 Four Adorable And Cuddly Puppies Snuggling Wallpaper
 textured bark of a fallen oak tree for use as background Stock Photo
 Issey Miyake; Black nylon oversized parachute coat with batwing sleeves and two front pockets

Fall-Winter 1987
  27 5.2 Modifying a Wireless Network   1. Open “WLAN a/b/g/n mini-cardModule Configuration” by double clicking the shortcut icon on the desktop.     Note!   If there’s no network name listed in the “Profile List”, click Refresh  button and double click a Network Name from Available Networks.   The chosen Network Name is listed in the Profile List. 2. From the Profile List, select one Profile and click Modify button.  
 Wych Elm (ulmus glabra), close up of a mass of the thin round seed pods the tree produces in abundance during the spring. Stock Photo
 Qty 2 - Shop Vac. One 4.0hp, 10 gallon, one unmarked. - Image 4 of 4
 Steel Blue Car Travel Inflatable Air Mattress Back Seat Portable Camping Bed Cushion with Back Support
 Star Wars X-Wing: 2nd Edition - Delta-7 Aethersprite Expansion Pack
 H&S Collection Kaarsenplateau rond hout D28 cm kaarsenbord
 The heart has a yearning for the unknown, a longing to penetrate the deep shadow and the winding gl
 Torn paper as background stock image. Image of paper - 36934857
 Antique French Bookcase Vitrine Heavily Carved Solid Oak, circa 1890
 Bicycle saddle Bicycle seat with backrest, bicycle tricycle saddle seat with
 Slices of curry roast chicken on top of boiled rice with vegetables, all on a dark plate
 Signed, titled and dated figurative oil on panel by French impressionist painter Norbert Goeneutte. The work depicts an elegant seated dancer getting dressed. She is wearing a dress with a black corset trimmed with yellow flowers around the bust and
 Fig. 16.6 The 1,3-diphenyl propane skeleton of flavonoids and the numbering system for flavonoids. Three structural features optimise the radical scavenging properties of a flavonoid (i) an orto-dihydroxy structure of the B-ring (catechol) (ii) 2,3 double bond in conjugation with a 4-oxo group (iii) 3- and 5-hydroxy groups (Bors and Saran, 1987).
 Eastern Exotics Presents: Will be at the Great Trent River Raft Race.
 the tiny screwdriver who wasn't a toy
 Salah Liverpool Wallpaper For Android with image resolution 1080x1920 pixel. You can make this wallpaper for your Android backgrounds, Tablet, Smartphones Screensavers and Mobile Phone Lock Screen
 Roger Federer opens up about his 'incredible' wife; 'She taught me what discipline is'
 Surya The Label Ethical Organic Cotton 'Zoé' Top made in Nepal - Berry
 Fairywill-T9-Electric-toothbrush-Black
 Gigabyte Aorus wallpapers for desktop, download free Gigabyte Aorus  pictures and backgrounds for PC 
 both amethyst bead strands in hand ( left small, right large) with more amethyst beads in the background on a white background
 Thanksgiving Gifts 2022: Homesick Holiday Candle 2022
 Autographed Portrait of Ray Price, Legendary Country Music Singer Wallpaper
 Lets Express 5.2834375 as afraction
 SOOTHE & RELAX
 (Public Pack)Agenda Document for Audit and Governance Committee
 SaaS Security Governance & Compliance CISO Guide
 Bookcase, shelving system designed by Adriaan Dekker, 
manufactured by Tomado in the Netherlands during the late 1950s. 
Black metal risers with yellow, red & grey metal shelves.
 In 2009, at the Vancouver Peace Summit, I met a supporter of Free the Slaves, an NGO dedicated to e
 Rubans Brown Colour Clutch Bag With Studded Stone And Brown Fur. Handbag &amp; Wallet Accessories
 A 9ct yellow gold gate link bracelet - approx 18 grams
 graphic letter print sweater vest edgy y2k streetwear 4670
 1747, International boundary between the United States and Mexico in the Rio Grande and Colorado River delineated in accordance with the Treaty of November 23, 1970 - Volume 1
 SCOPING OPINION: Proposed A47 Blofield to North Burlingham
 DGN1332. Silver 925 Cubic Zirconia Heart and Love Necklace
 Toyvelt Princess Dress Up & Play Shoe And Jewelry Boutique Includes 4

***

Task item:
Looking at the entries above, work out how many lines contain the word "backgrounds", then reply with only that figure.

Answer for this exercise:
2